Absolute rubbish, could it be more likely the council wanted proof that she didn’t own the property? Also they cannot make the other owner, if it is shared ownership, sell up, I sat with my mother and a lawyer sorting this out when my dad became ill. She was worried in the event of him needing care she’d be forced to sell the house. He never went into care he died after he was in respite and they neglected him. So it never came up but they became tenants in common to ensure the ownership was split
Lightwindows · 12/02/2021 14:00

I think you need to talk to your OP about what he wants to achieve by moving her in I.e. is it short term for mental health support while she recovers from her depression or to empty it out so it can be sold? I think there's a lot more conversations to be had here I.e.would MIL sell up to get rid of the part of mortgage SIL is not paying, does MIL want to sell, is SIL still living there, would SIL agree to sell? If there's a spare room as SIL is not there the best short term solution would be a lodger to pay the other half of the mortgage for now and then maybe discuss a longer term solution when she is a bit less fragile I.e. sell the place and get somewhere smaller for her.
Ultimately I don't think it's unreasonable to not want her moving in as neither of you get on with her, so doesn't sound like a good idea for any of you. But your DH is not insisting on it , it was a suggestion so don't think that's grounds for leaving him as some have said. He is willing to listen to your view which does suggest he respects you and values your relationship. From some of these posts you'd think it was completely crazy to help family members who are struggling.i thought that's what family were for.
DH is trying his best but think he needs to think this through bit more. He could help MIL contact the bank about SIL defaulting and get some legal and financial advice , or help her find a lodger if that's a possibility.

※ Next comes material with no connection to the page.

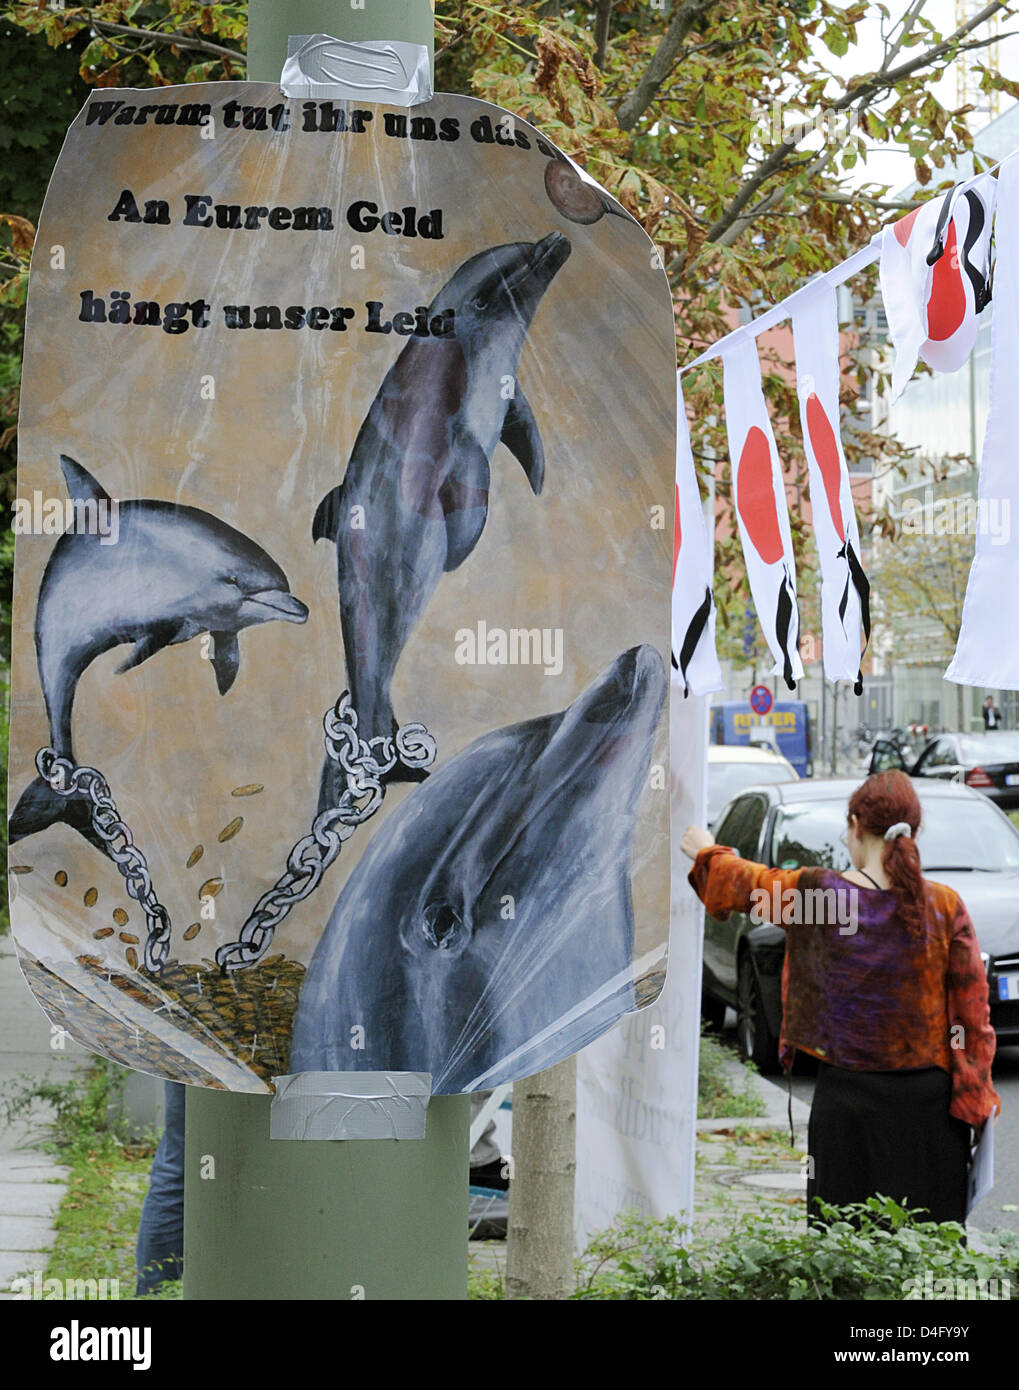 During a protest of the Whale and Dolphin Conservation Society (WDSF) the yearly fishing of dolphins in Japan is criticized in front of the Japanese embassy (seen in the background) in Berlin, Germany, 03 September 2008. According to WDSF, the Japanese embassy published the fishing quota for dolphins of the year 2007 with 20826 specimen. Japan justifies the fishing of dolphins by t Stock Photo

FedUpAtHomeTroels · 12/02/2021 14:12

MIL should consult a solicitor if SIL is refusing to pay her half of the mortgage, maybe she should force the sale and buy something small on her own.

Fluffycloudland77 · 12/02/2021 14:51

@unmarkedbythat

It’s true. No one could believe it at work either. They’d never liked each other since childhood but the sibling was murderous towards the resident to the point visits took place in the lounge not the bedroom so we could keep an eye on them. There was a lot of meetings about it and raised voices. I was happy for the relative when the patient passed because they hated being in a home.

It was on the border of staffs/derby so could have been either council.

YoniAndGuy · 12/02/2021 15:02

Oh and yes, I would be quick to suggest that of course you understand that when this is settled he should absolutely be stepping up more, as he feels it's his duty. And you'll completely support him staying at Mil's a couple of nights a week or spending weekend time there to help her and keep her company.

Watch the subject get dropped quicker than hot shit. Because when he says his duty, what he means is - you can do the care if she comes here, then I won't feel guilty.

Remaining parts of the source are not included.